The alternative to dividing linguistic units into generalizations over phrases and listings of phrases is the schematicity continuum (see also the proponents of construction grammar; Fillmore, 1988; Goldberg, 1992 and Harris, 1994). This is the proposal that generalizations over linguistic patterns are not limited to the maximally general level of linguistic categories, but occur for a variety of types of generalizations, and for generalizations of varying degrees of productivity.

The schematicity continuum only makes senses in a system with dynamic data structures. Data structures are dynamic when they are not a fixed part of the overall system, but are emergent, or implicit in the working of the system. For example, consider the lose+noun pattern, instantiated by lose track, lose sight, lose touch. We can identify the lose+noun generalization using statistical analysis tools on the hidden units of a simple recurrent network, but the generalization does not exist independently of the representations of its members.

The foregoing reminds us that there is nothing special or marked about mixed schemas within the schematicity continuum. The reason to focus on them is they provide a concrete case where rival theories make different predictions. For convenience I will refer to the two rival theories as the "multi-schemas" view and the "rule+list" view.

Linguistic Questions

Important questions in linguistics and language learning are what principles govern the ease of learning a generalization R and how easily R can be creatively extended. The connectionist framework used here suggests the following factors:

Experiment Predictions

Experimental participants recognize familiar word combinations (plaid skirt) more easily than merely legal combinations (green skirt), while legal combinations are recognized more easily than anomalous combinations (Harris, 1997). In work reported in this paper, these same techniques have been applied to phrases which can be assimilated to both an adjective+noun schema as well as a mixed schema, such as first+noun.

According to the multi-schemas view, speed of recognition of a phrase is influenced both by the phrase's frequency, and by its schema's frequency, where the schema can be any pattern less specific than the phrase. Consider the phrase high rule. Assuming that this phrase is unfamiliar, then its recognition will be facilitated by the strength of mixed schemas such as high+noun and also the general adjective+noun schema. According to the rule+list view, only the adjective+noun schema will be relevant.

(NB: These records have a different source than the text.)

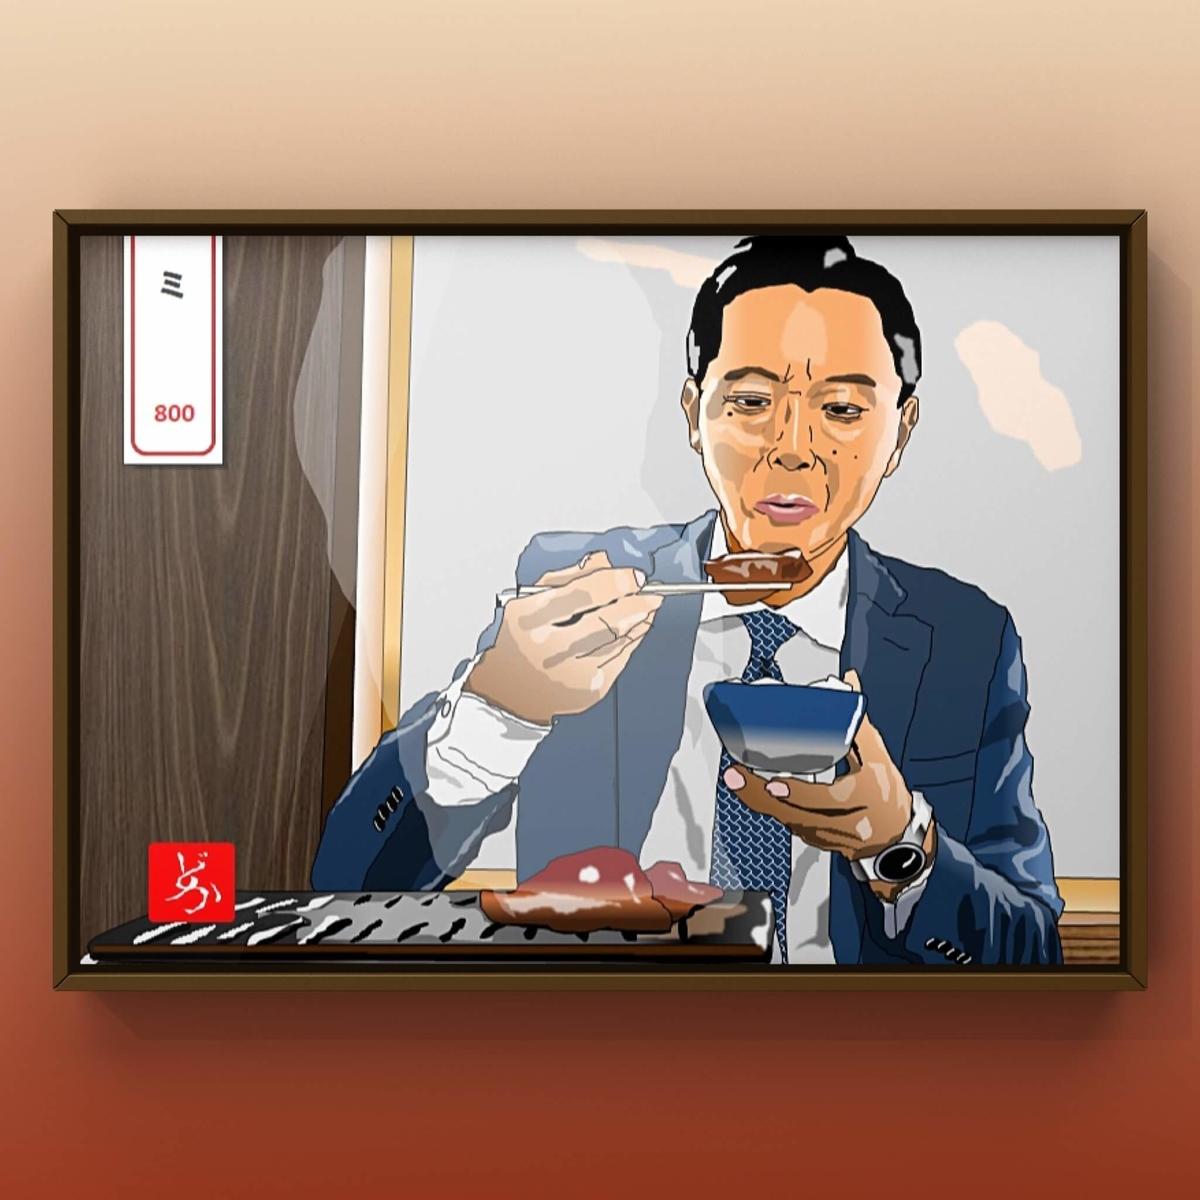 孤独のグルメ、井之頭五郎の一人焼肉のエクセル画イラスト額装版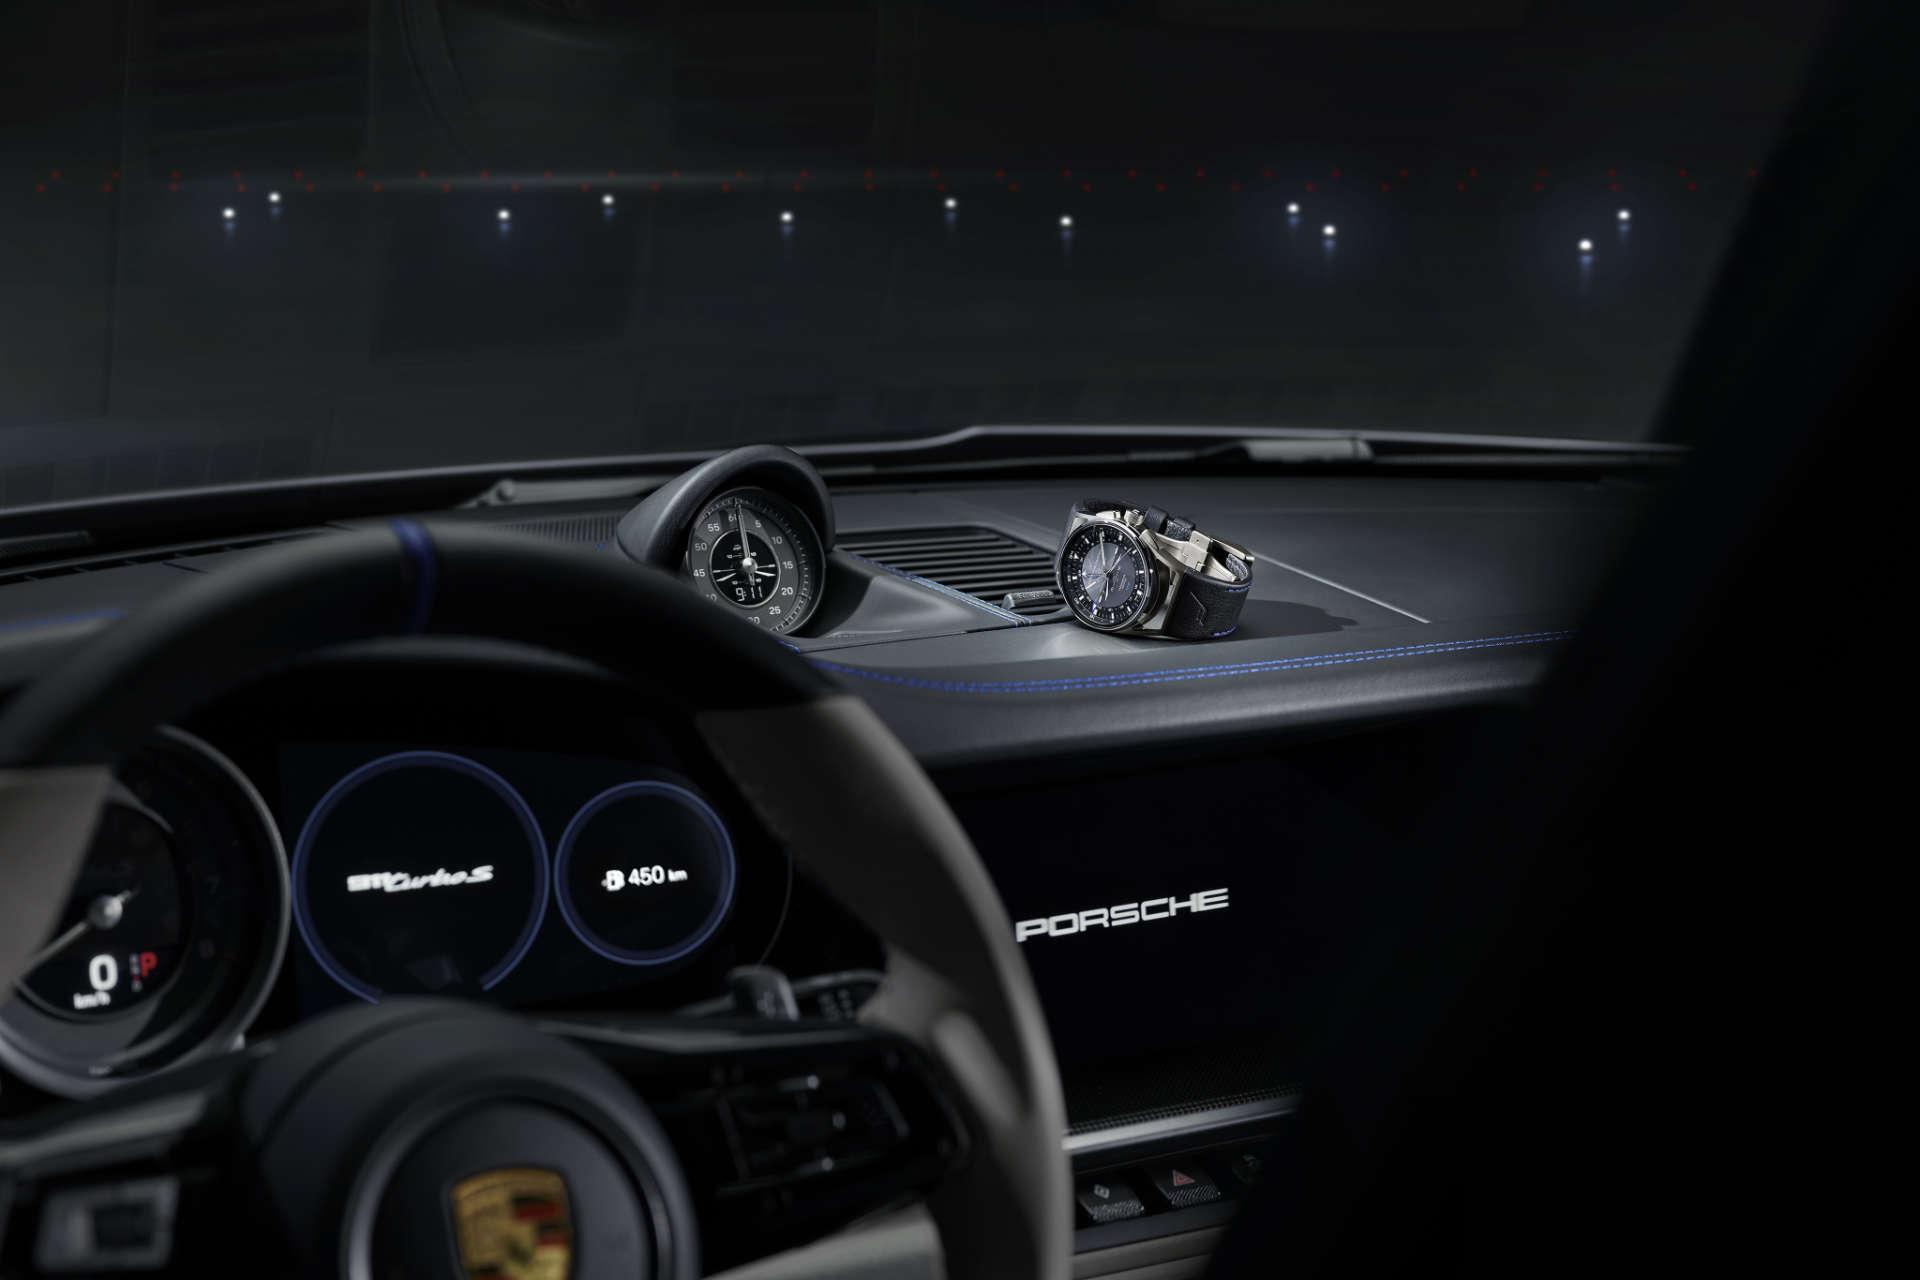 Porsche 911 Turbo Embraer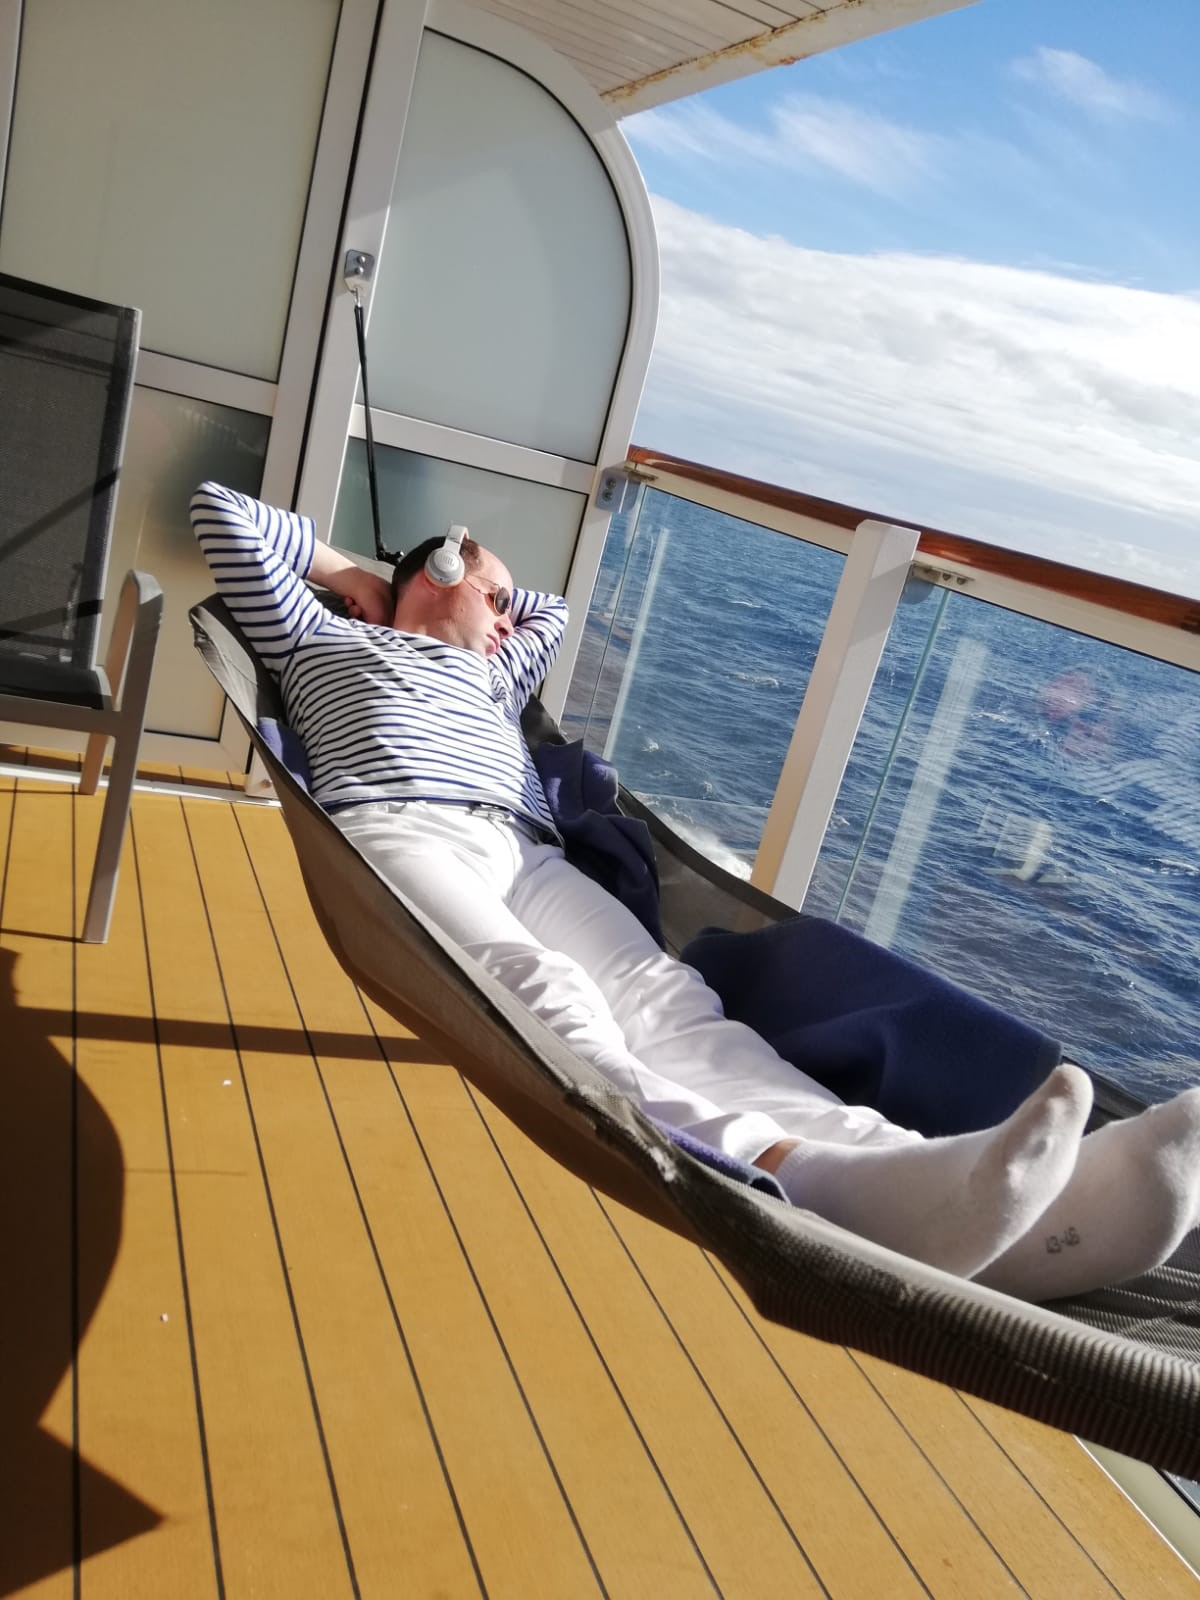 Mein Schiff Blog Gastautor Tobias Fink geniesst die Hängematte auf seinem Balkon

These predictions can be tested using unfamiliar phrases which can be assimilated to either a low or high frequency schema. For example, text counts reveal fewer instances of low+noun phrases than of high+noun phrases. The multi-schema view that predicts better recognition of phrases such as high bicycle compared to low bicycle, while the rule+list view predicts no difference.

Advocates of the rule+list view could claim that high is a better adjective than low; that a feature of words is their adjectival goodness, and that adjectival goodness speeds assimilation to the adjective+noun schema. To refute these objections, phrases were collected in which the initial word could be used as either a noun or an adjective (fire town vs fire around).

Design of Simulations

Familiar word combinations were selected from Lund & Burgess (1996) and embedded in sentences generated by a phrase structure grammar, thus creating a corpus of language-like sequences. A simple recurrent network was used to predict the next word in the sentence, following Elman (1993).

To investigate learning and generalization, different training corpora were constructed in which frequency and diversity of word phrase patterns were systematically controlled. (In the initial simulations, diversity was investigated by varying the type-token ratios, although in later planned simulations, semantics will be used so that diversity will refer to conceptual domains.) Ease of learning was measured using number of training cycles until the identity and/or grammatical category of the second word of a phrase could be predicted to low error. The networks' reaction to novel phrases such as fire town and fire around were measured by amount of error generated by the second word.